**Requirement:** Write out the listing below without alteration, omitting its pictures.

**Provided data:**
────────────────────────────────────────
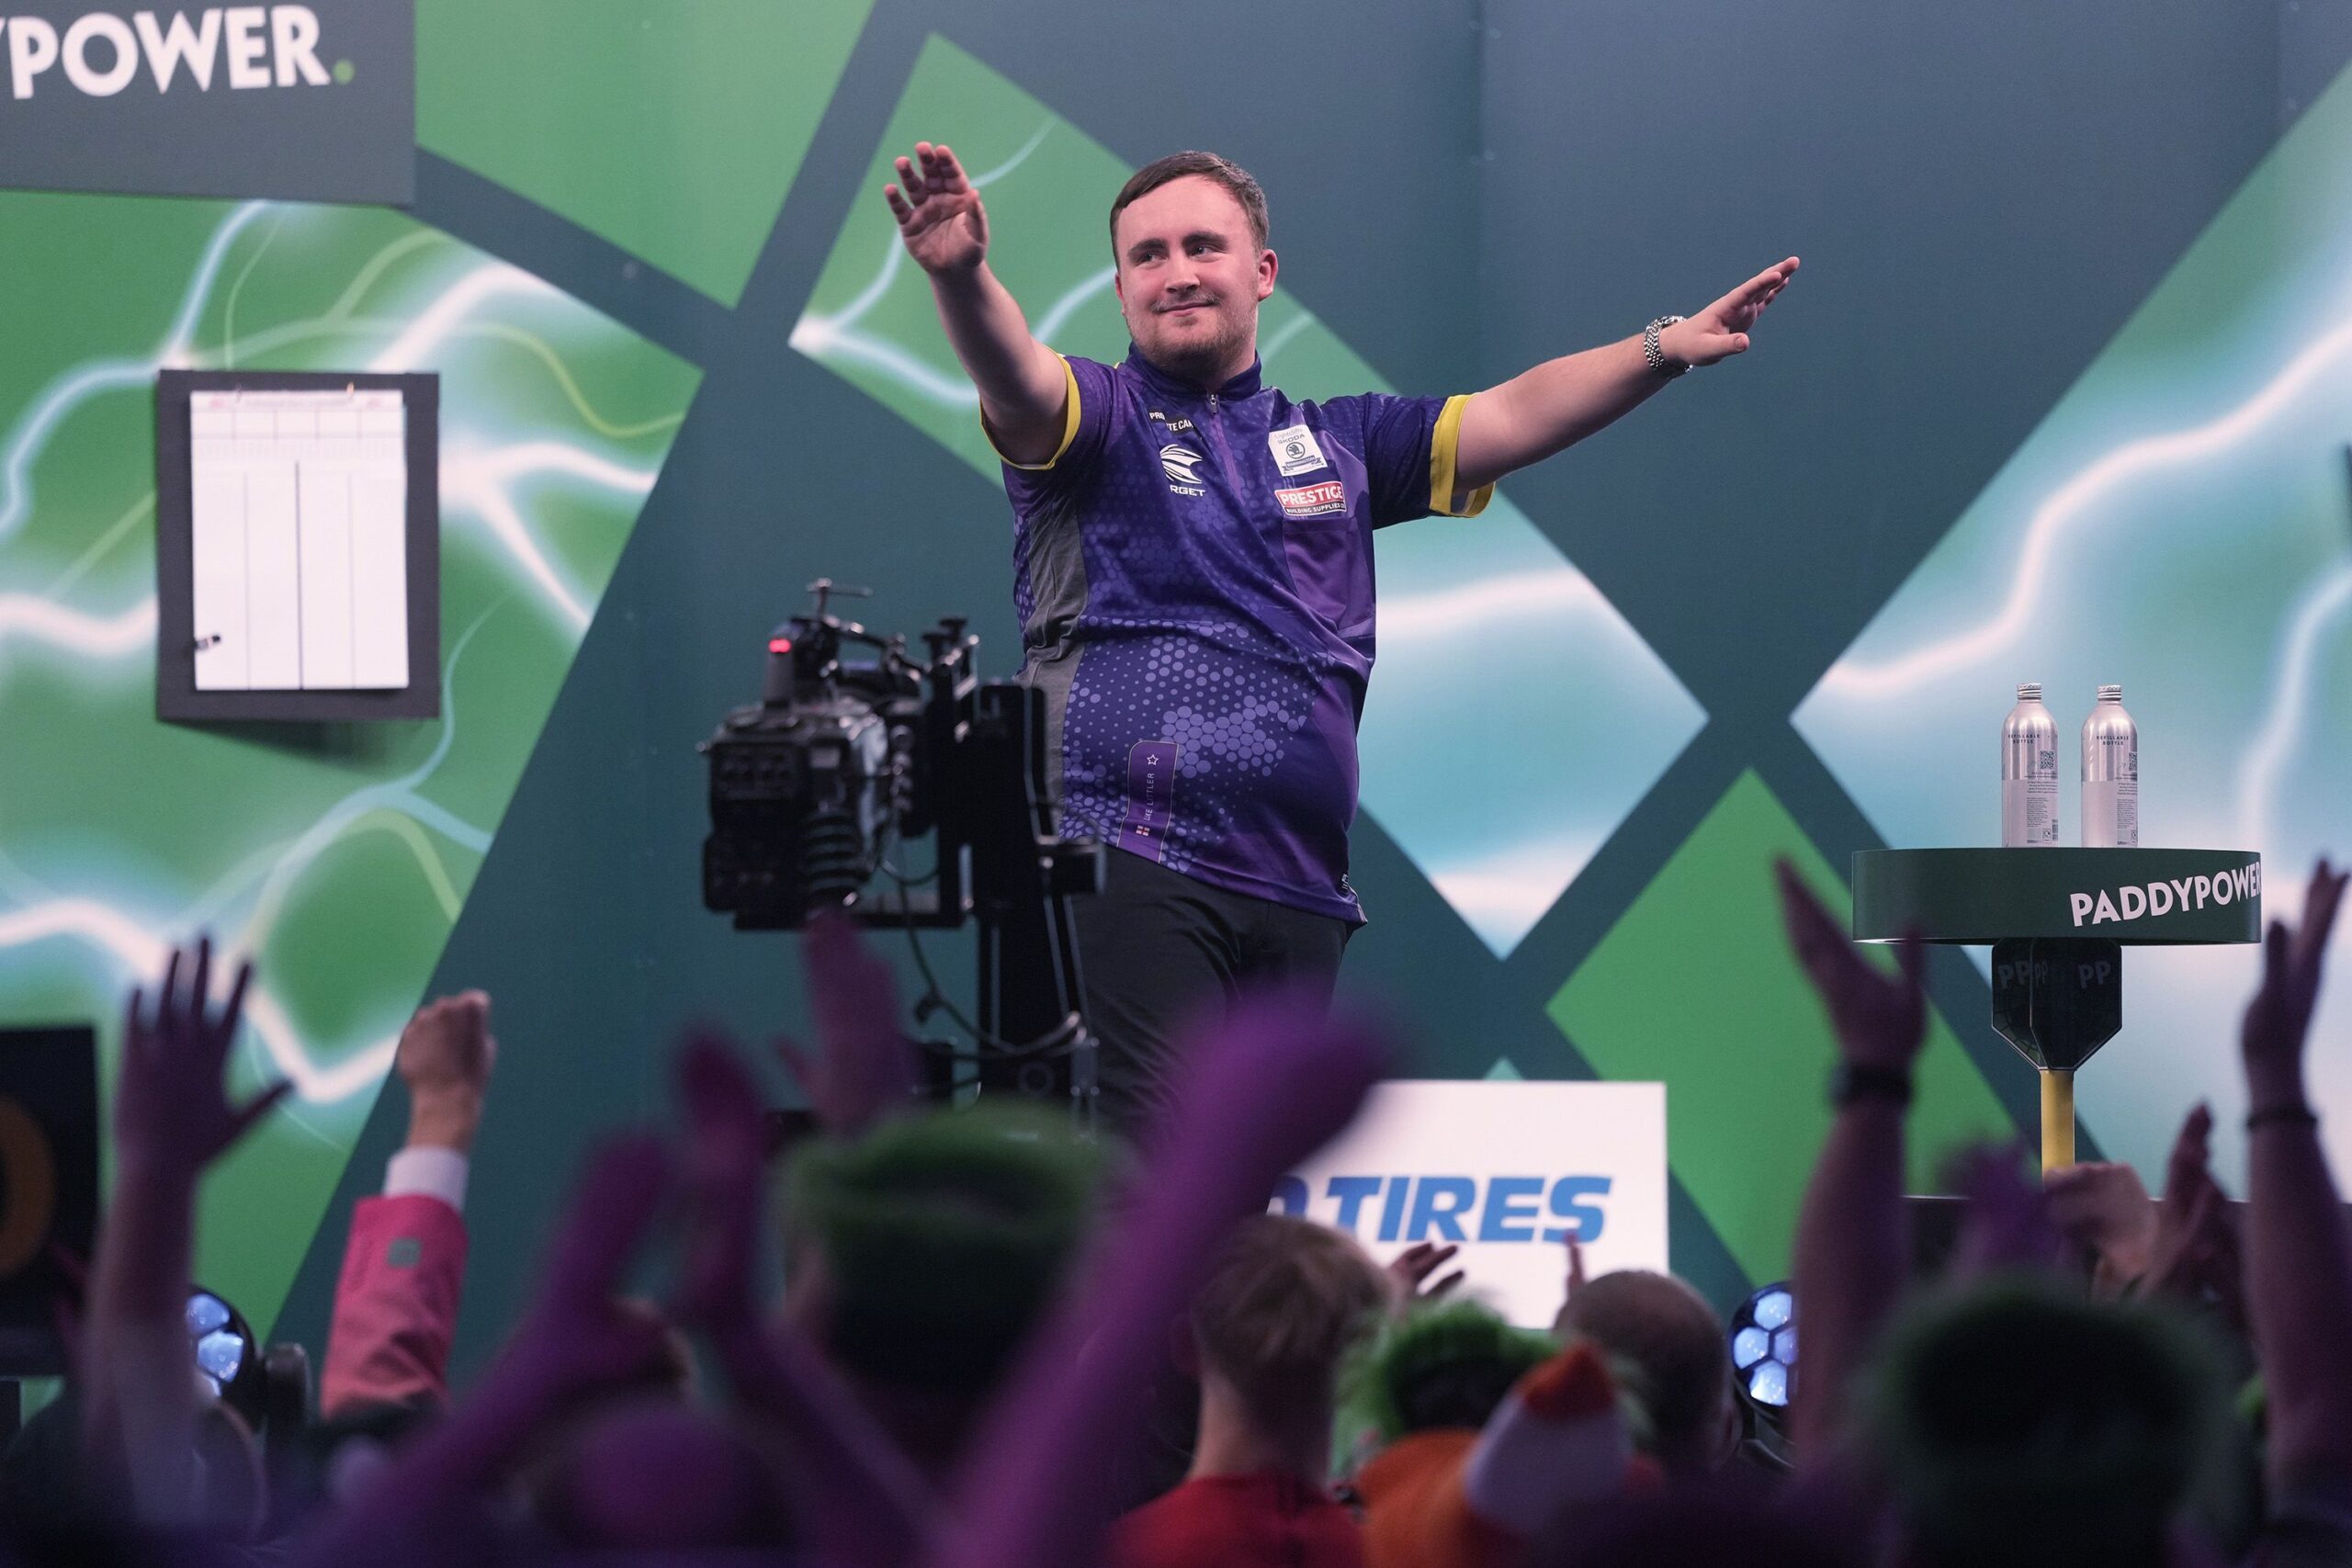 Luke Littler, a teenage phenom, considers his “unbelievable” run after losing in the World Darts Championship final
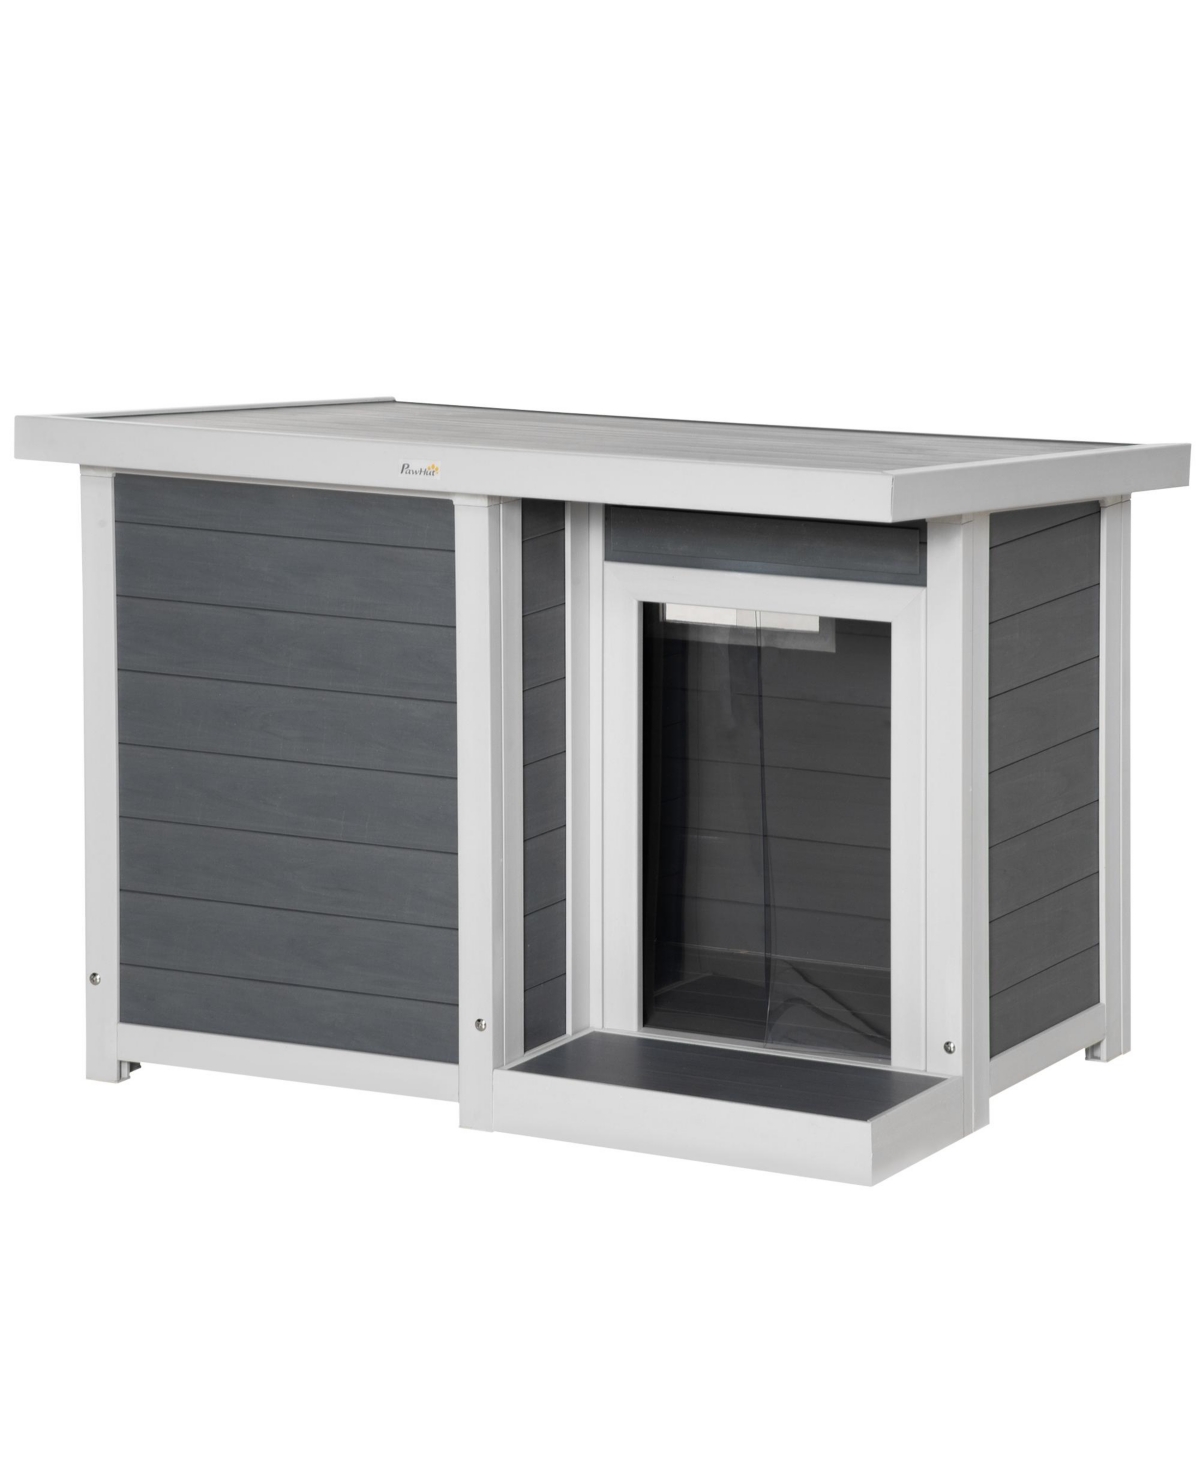 Dog House Outdoor with Openable Top, Raised Weather Resistant Dog Shelter with Front Door, Pvc Curtain, Porch for Medium Sized Dog, Gray - Grey
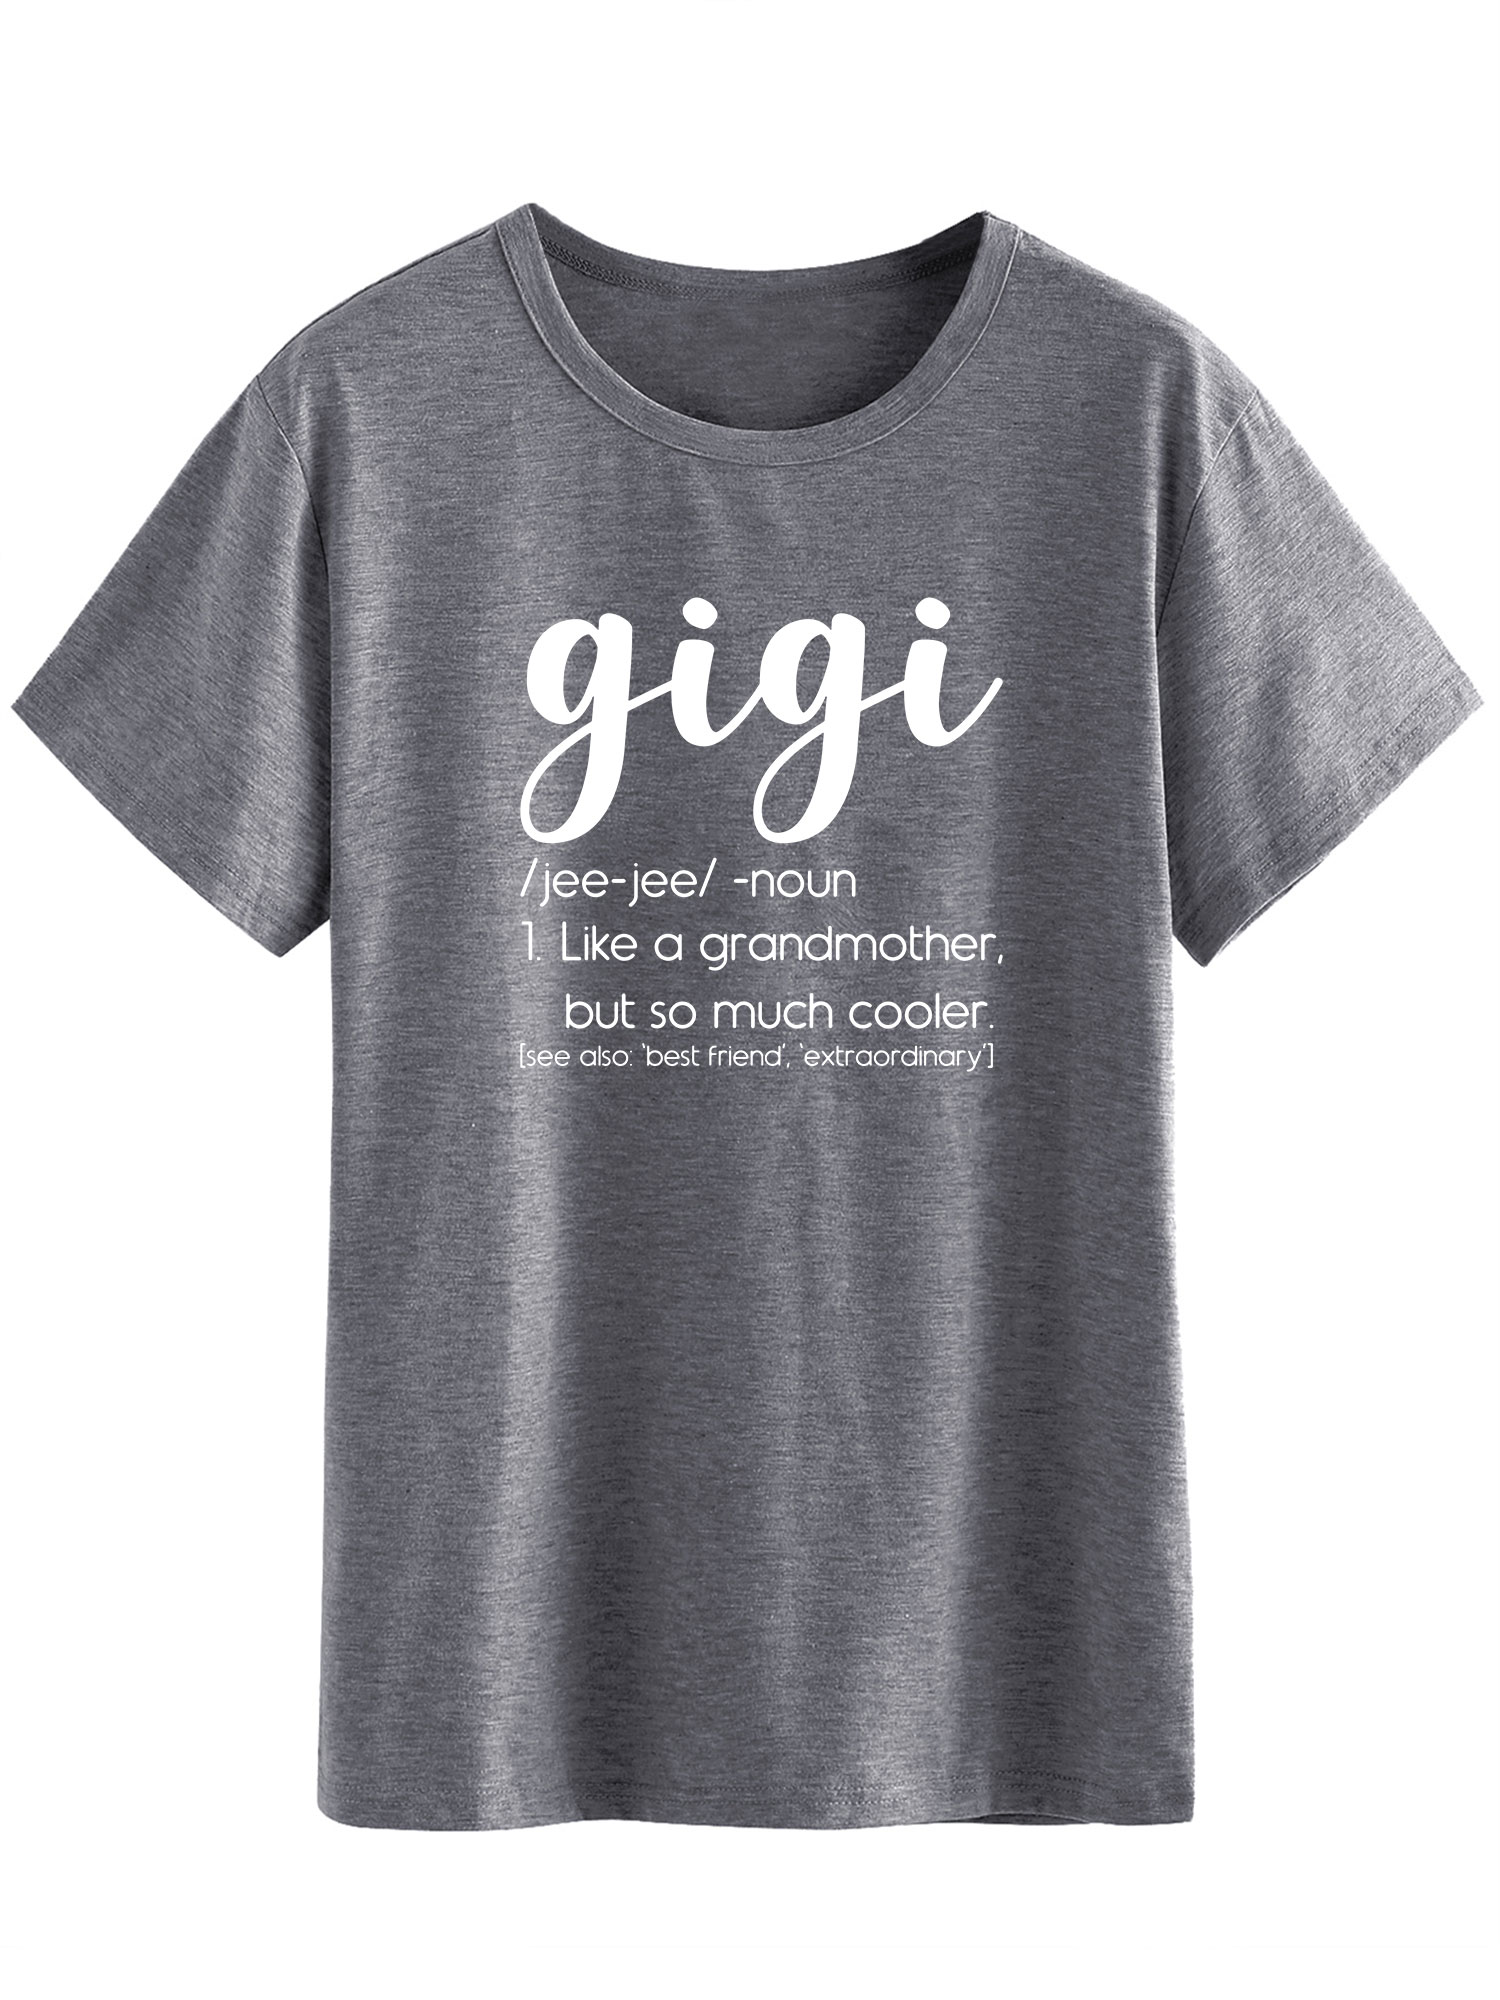 TWZH Women Gigi Jee Jee Noun Like A Grandmother But So Much Cooler T-shirts - image 3 of 6
────────────────────────────────────────
**Problem solution:**
 Luke Littler, a teenage phenom, considers his “unbelievable” run after losing in the World Darts Championship final
 Dog House Outdoor with Openable Top, Raised Weather Resistant Dog Shelter with Front Door, Pvc Curtain, Porch for Medium Sized Dog, Gray - Grey
 TWZH Women Gigi Jee Jee Noun Like A Grandmother But So Much Cooler T-shirts - image 3 of 6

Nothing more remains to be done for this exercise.